UBS upgrades Philips to ’buy’, raises price target to €29 on stronger outlook

Published 20/02/2025, 14:54
© Reuters.

Investing.com -- UBS Global Research in a note dated Thursday upgraded its rating on Koninklijke Philips (AS:PHG) N.V. to "buy" from "neutral," citing improvements in the company’s financial and operational standing.

The brokerage also raised its price target for Philips shares to €29, up from the previous €26.50, implying more than 20% upside potential.

The decision comes as UBS analysts highlight the removal of key overhangs that had weighed on Philips’ valuation in recent years.

The company has made progress in resolving issues stemming from the recall of its respiratory devices, settling major personal injury litigation, and implementing cost-saving measures to improve margins.

As a result, UBS sees Philips in a stronger position to match sector-wide revenue growth at a compound annual rate of 5% between 2025 and 2029, with earnings per share expected to grow at a faster rate.

Despite these improvements, Philips shares currently trade at just 15 times UBS’s estimated 2025 earnings, making it one of the cheapest stocks in the European MedTech sector.

UBS analysts argue that this valuation discount is unjustified, particularly given the company’s restructuring efforts and its improved profitability outlook.

The brokerage estimates that Philips’ price-to-earnings multiple for 2025 remains about 10% lower than its historical average relative to the sector and its imaging peers.

UBS also notes that Philips’ 2025 guidance appears conservative, particularly in relation to its China business. The bank’s projections assume a steep decline in China Personal Health sales in the first half of the year, followed by a flat performance in the second half.

Similarly, the Diagnosis & Treatment business in China is expected to decline by around 10% for the full year. Even with these cautious estimates, UBS sees Philips reaching the upper end of management’s guidance.

The analysts also points to recent data suggesting potential upside, with Chinese government tender activity showing signs of recovery, which could lead to a better-than-expected performance in the latter half of the year.

Beyond the near-term outlook, UBS views Philips as a more investable stock following its extensive restructuring and leadership changes.

The note emphasizes that most of the headwinds that have plagued the company since 2021, including regulatory challenges and financial strain from legal settlements, have largely been addressed.

With a new management team in place, Philips is well-positioned to execute its mid-term strategy and explore potential portfolio adjustments, including the possibility of re-entering the U.S. sleep therapy market.

One of the key factors supporting UBS’s upgrade is Philips’ relative insulation from competitive risks in China compared to its industry peers.

While global medical technology firms such as Siemens (ETR:SIEGn) Healthineers and GE Healthcare face growing competition from Chinese manufacturers, Philips is deemed the least exposed among the major imaging players.

According to UBS estimates, 30% of Philips’ revenues are at risk from Chinese market dynamics, compared to 40% for Siemens Healthineers and nearly 50% for GE Healthcare.

The company’s focus on high-margin, innovation-driven segments such as cardiac ultrasound and advanced imaging technologies further strengthens its competitive position.

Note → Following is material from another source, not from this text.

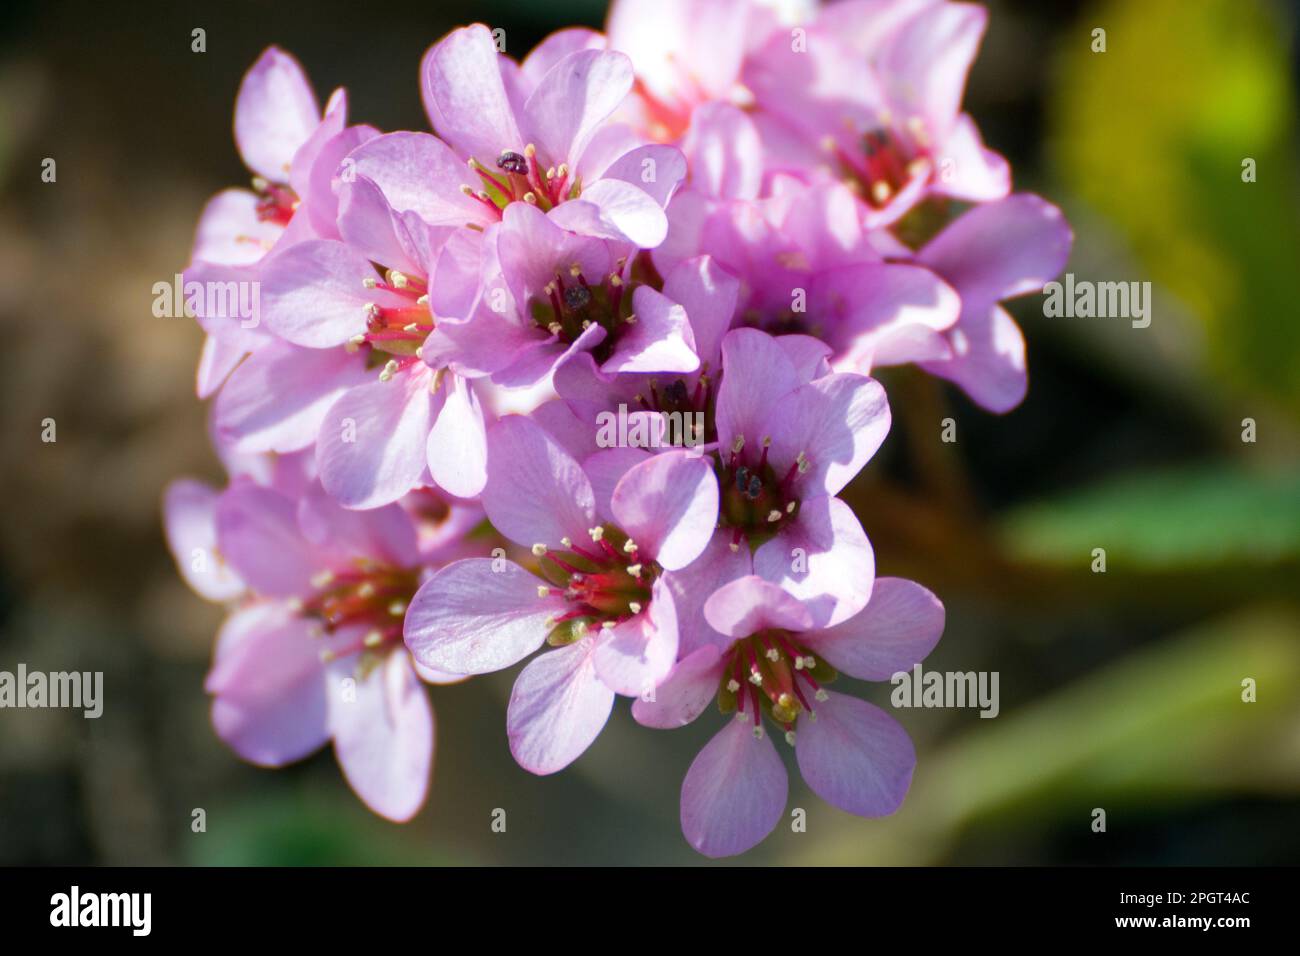 Bergenia cordifolia, elephant's ears, large rockfoil an evergreen  flowering plant with a spirally arranged rosette of leaves and pink little flowers. Stock Photo

UBS has also slightly raised its EPS forecasts for Philips by 2-3% from 2025 onward, reflecting improved foreign exchange conditions and cost-saving initiatives.

The brokerage’s price target revision to €29 is based on an updated discounted cash flow analysis, with a higher terminal margin assumption, supported by Philips’ ongoing margin expansion efforts.

The revised valuation implies that Philips would trade at 18 times its estimated 2025 earnings, still at a 15% discount to Siemens Healthineers but more in line with historical pre-recall levels.

Given the combination of improved earnings visibility, reduced litigation risks, and an undemanding valuation, UBS sees a strong case for investors to take a fresh look at Philips shares.